100% of the benign signals would receive examination with a qualified examination technique versus only those which exhibit change by the bobbin coil.
100% of the broached tube supports would be examined with a qualified examination technique which industry experience has shown to be more sensitive than the bobbin probe.
100% of the free span dings < 5 volts would be examined with a technique qualified for detection of circumferential ODSCC. Although all 600TT plants consider axial ODSCC to be a potential degradation mechanism at these locations, I know of none that consider circumferential ODSCC as a potential mechanism. There were a small number of reported instances of these cracks in the mill annealed A600 plants.
100% of the hot leg and cold leg top of tubesheet would be examined with a technique sensitive to foreign object wear. The bobbin coils detection capability is limited in this region by the masking effects of the expansion transition.
100% of the hot leg and cold leg top of tubesheet would be examined with a technique sensitive to loose part detection. The bobbin coils detection capability is limited in this area by the masking effects of the carbon steel tubesheet on the low frequency channel.
Such an inspection program would allow earlier detection of incipient cracking by using a more sensitive technique and testing 100% of the susceptible regions each inspection rather than only a sample as is currently required.

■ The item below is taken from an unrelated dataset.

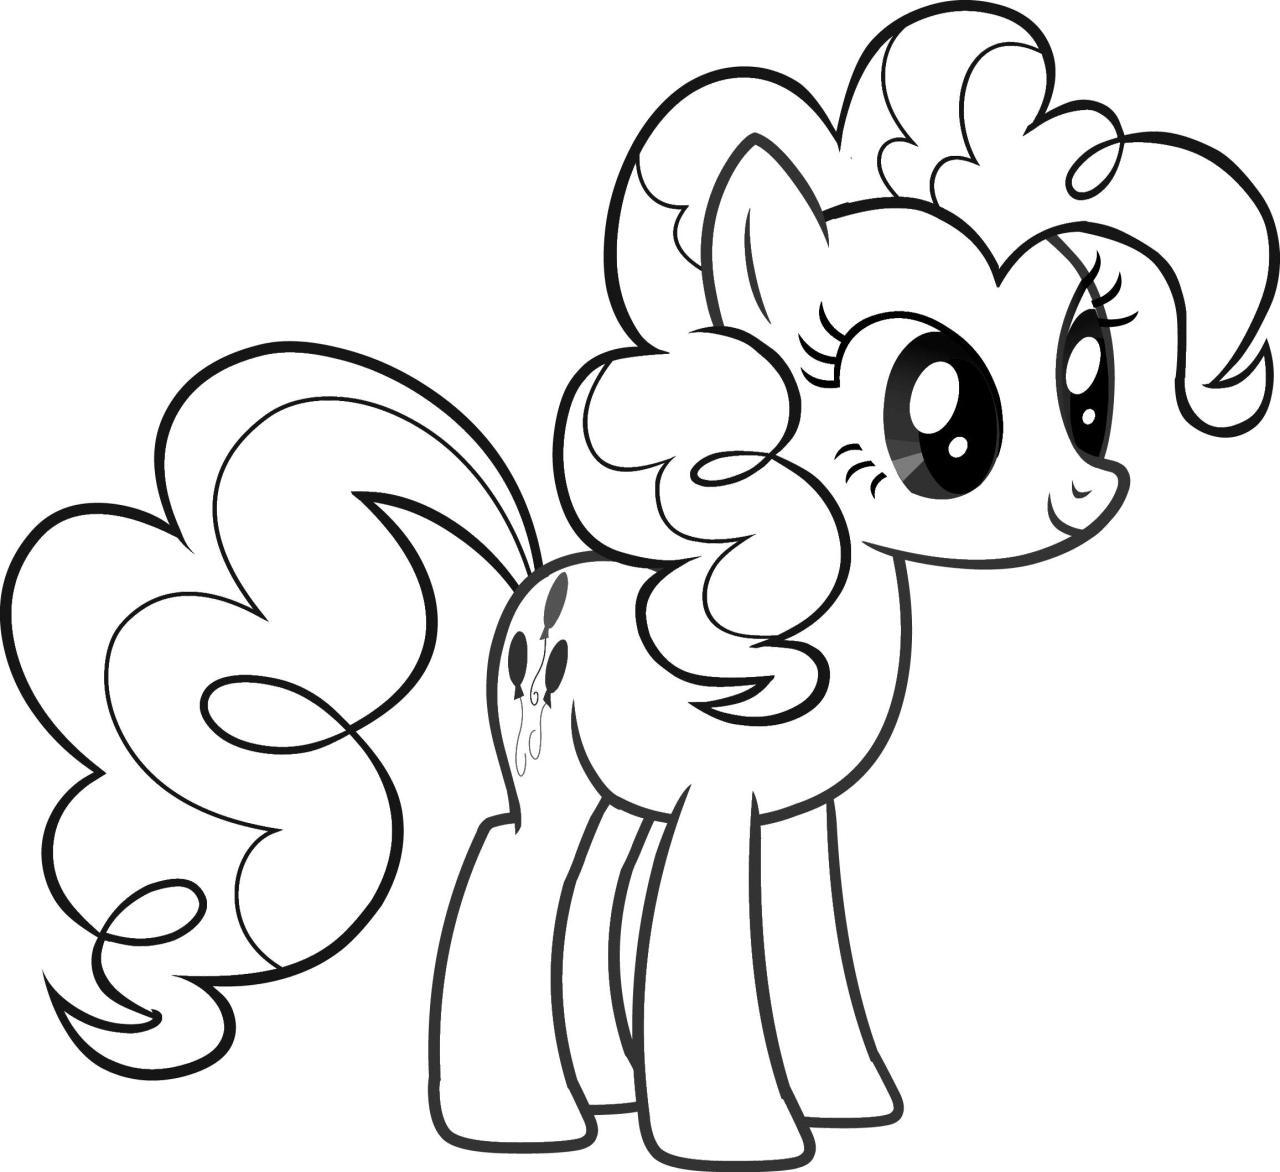 Rainbow Dash Pinkie Pie Fluttershy My Little Pony Coloring Pages
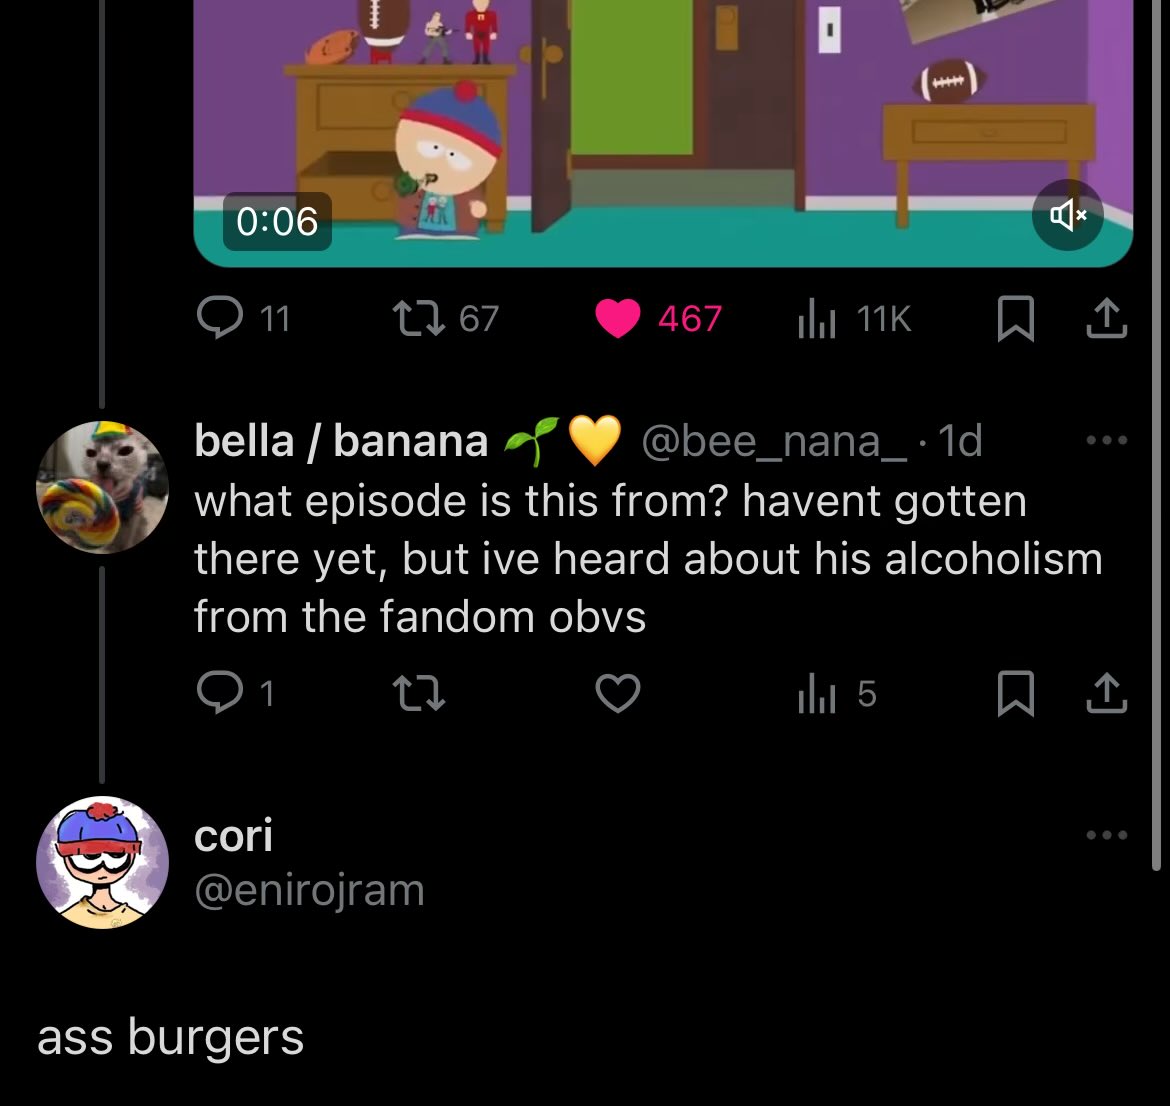 man i fucking hate south park 😭😭 stupid ass episode title 😭

For PWSCC that resides below the top of the tubesheet but above the H* distance, I believe that initiation and growth rates are less uncertain than those for ODSCC. With the tube restrained from burst and with potential leakage limited there is a much lower risk associated with skipping the next inspection than there is for ODSCC.
Opinion 690TT Plants:
For those plants with tube support or AVB wear that would like to skip more than two inspections, I think that it is acceptable to use the operational assessment to determine the inspection periodicity provided that the assessment is submitted to the NRC for review. Although I am skeptical about the ability to accurately predict tube wear beyond the current prescriptive inspection periods, there are some plants where the risk would appear to be low. For instance, the RSGs at Point Beach Unit 2 are a standard broached tube support and AVB design, with 20 plus years since installation, and only a handful of wear scars all less than 10% TW. Other RSGs with non-standard support designs, less time since replacement, and/or recent inspections with significant wear detected pose a higher degree of risk. For any extension of the current prescriptive inspection periods I would recommend that the potential for changes in secondary side thermal hydraulic conditions be considered in the operational assessment.